Не то чтобы недоброжелателей не было. В самом деле, за десять лет до речи Тернера писательница Хелен Хант Джексон опубликовала язвительное обвинение в отношении правительства США к коренным народам под названием "Век бесчестья". Используя правительственные документы и рассказы активистов коренных народов из первых рук, Джексон подробно описала несколько массовых убийств племенных групп, а также множество нарушенных договоров, которые обещали землю, поставки и представительство в правительстве. К сожалению, ее решение было очень похоже на то, что предлагали "друзья индейцев" на конференциях в Лейк-Мохонке: "цивилизация" коренного населения посредством образования и ассимиляции. Тем не менее, ее работа дала понять, что многие американцы не купились на идею о том, что расовая замена - это судьба нации. Как утверждала Джексон, в стране еще живы сотни тысяч индейцев, и они заслуживают своих прав, оговоренных в сотнях договоров.
Когда ее книга осталась без внимания, Джексон написала роман в стиле "Хижины дяди Тома" о трагической жизни коренной мексиканской девушки смешанной расы по имени Рамона. Действие романа происходит в Южной Калифорнии, и он показывает расизм в отношении коренного населения на границе, где американская культура вступала в конфликт со старым укладом мексиканских калифорнийцев и многих коренных племен. Нет нужды говорить, что все "добрые индейцы" в "Рамоне" - христиане, а подрывной посыл Джексона о правах коренных народов - настолько слабый, что его невозможно было распознать. Рамона" мгновенно стала бестселлером и была адаптирована для нескольких фильмов в первой половине двадцатого века. Д. У. Гриффит, известный своей расистской эпопеей "Рождение нации", снял короткометражный фильм по мотивам Рамоны в 1910 году. Эта история стала скорее романтическим мифом, чем обвинением в позорной политике и насилии Соединенных Штатов по отношению к коренным племенам.

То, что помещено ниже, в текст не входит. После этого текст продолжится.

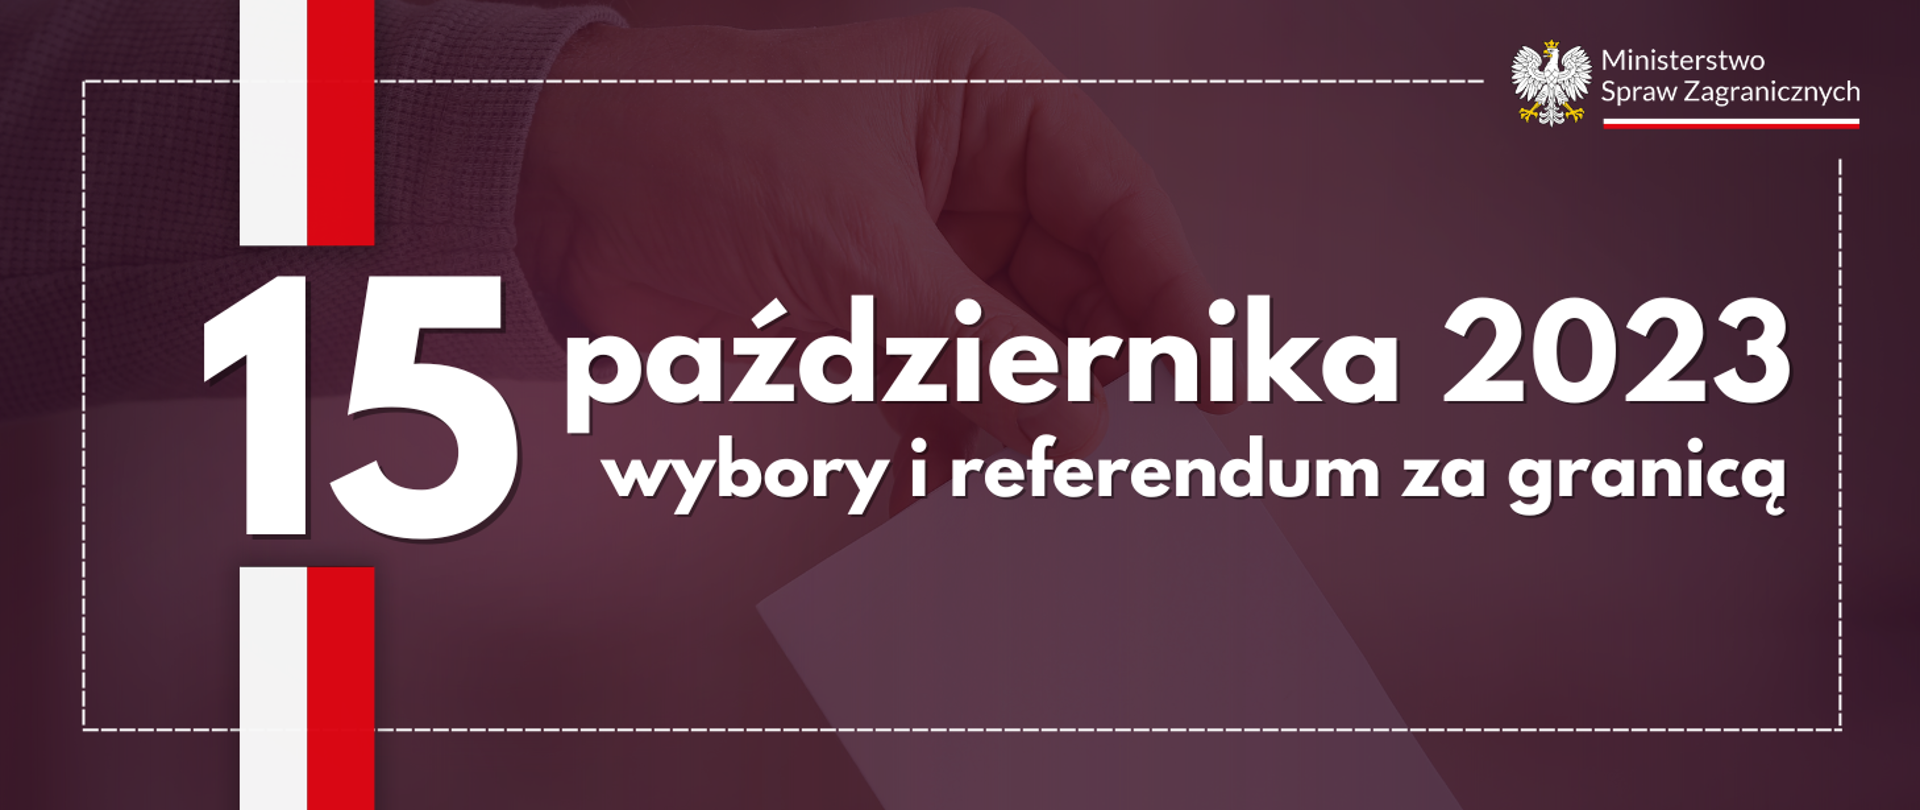 Napis 15 października 2023 wybory i referendum za granicą

Если работы Тернера и Джексона представляют собой два подхода к психологической войне, которая кипела рядом с индейскими войнами, то очевидно, что подход Тернера оказался самым популярным. Его видение белых поселенцев, пришедших на смену коренным народам, определило то, как последующие поколения понимали девятнадцатый век и то, как белые поселенцы помнили (или, точнее, не помнили) цивилизации коренных народов. На другой стороне психологической войны, которую представлял Сидящий Бык как вождь и знаменитость племени лакота, была сила Танца призраков как формы прямого действия. Как отмечает историк Ник Эстес, наследие "Танца призраков" сохраняется и в наши дни, вдохновляя такие движения сопротивления, как NoDAPL, где жители Лакоты и их союзники столкнулись с правительством США из-за планов строительства трубопровода Dakota Access Pipeline.
Хотя Первая мировая война стала первым случаем, когда психологическая война была определена как таковая, практика сочетания пропаганды и мифотворчества с тотальной войной началась с индейских войн. Последствия индейских войн бросили длинную тень на будущее Америки. В течение следующего столетия психологическое оружие, разработанное в XIX веке, оттачивалось в кузнице Первой мировой войны, а во время Второй мировой войны получило широкое распространение. В конце концов, в эпоху социальных сетей 2010-х годов рассказывание историй с использованием оружия стало настолько нормальным, что трудно было определить места сражений, пока не стало слишком поздно.
Глава 3. Рекламные объявления о лишении гражданских прав
Соединенные Штаты находятся в самом разгаре психологической войны вокруг голосования. Каждый избирательный цикл, будь то выборы в местный школьный совет или на пост президента, порождает сотни новостей о дезинформации в Интернете. За этим следует шквал вопросов. Кто несет ответственность за дезинформацию? Как мы должны на нее реагировать? Помогает ли развенчание истории о фальсификации выборов на самом деле, или это еще больше укореняет заговоры в американском воображении? Единственное, что на данный момент кажется несомненным, - это то, что каждые выборы вызывают шквал лжи, обвинений и манипуляций со стороны неизвестного числа групп, цели которых в лучшем случае кажутся непрозрачными.